Our radio partner KPCC said they used a significant number of on air promotional spots. However, it’s difficult to get listeners to go online to a Facebook application from a radio spot. KPCC did not link to their community site from their website until very late in the project, and then only from the very bottom of a secondary social media page. Also, the KPCC site concept was based on a group of volunteer bloggers who created daily content. In their post mortem report, KPCC reported struggling with deciding whether to promote the user generated content from their website as well as technical challenges with the content management system. This decision likely doomed its application.
As early partners left their sites un-promoted and idle, later partners drew conclusions about the platform’s efficacy and seemed to slow their efforts and lessen their own commitment.
We’ve also come to see the limitations in partnerships when a media partner is given something for free. We put a lot of work into screening partners so that they knew what to expect and that we knew what resources they would commit. However, in most cases, the initial enthusiasm of media partners to work with a Knight Foundation grantee project did not translate into long-term organizational adoption.

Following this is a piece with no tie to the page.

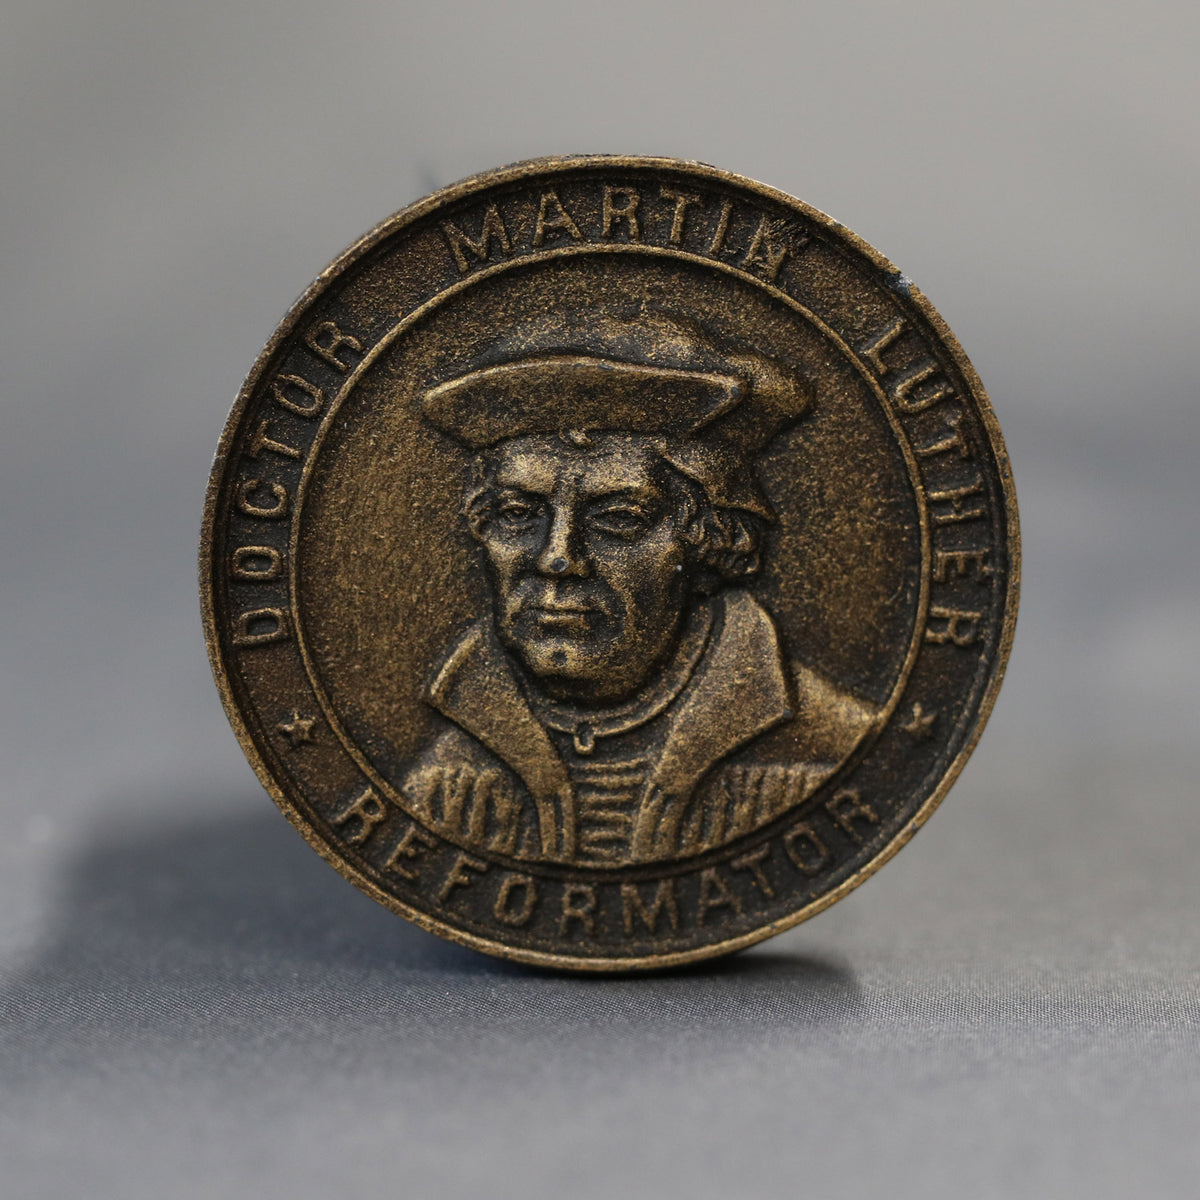 Dr. Martin Luther Commemorative Coin

In the case of our grant, media partners essentially received a “gift” of our open source Facebook community site, fully hosted and supported as well as a team responsive to their feedback and feature requests. But, because the organization wasn’t paying for their site, their commitment to the project seemed to wane over time. Most of our partners did not follow through with their commitments to promote and participate in the project.
Yet, if we had required partners to pay to participate in the project, it’s unlikely any would have signed up. Because of the financial and organizational strains in the media industry, almost none of our partners would have contributed matching dollars to our project. However, some partners dedicated moderate staff time – often beyond our appointed contact.
At the beginning of our grant, it took us several months to prepare the Ruby on Rails source code to be able to launch the first partner. But, in general, many of our partners took a significantly extended timeframe to launch.
It generally took NewsCloud only two to three weeks to design, set up and prepare a site for launch. However, our most active partners still took between three to five months to launch. This was often due to bureaucratic challenges with legal, IT or other organizational issues (addressed below). Partners that withdrew often took between three to nine months to make the decision to exit.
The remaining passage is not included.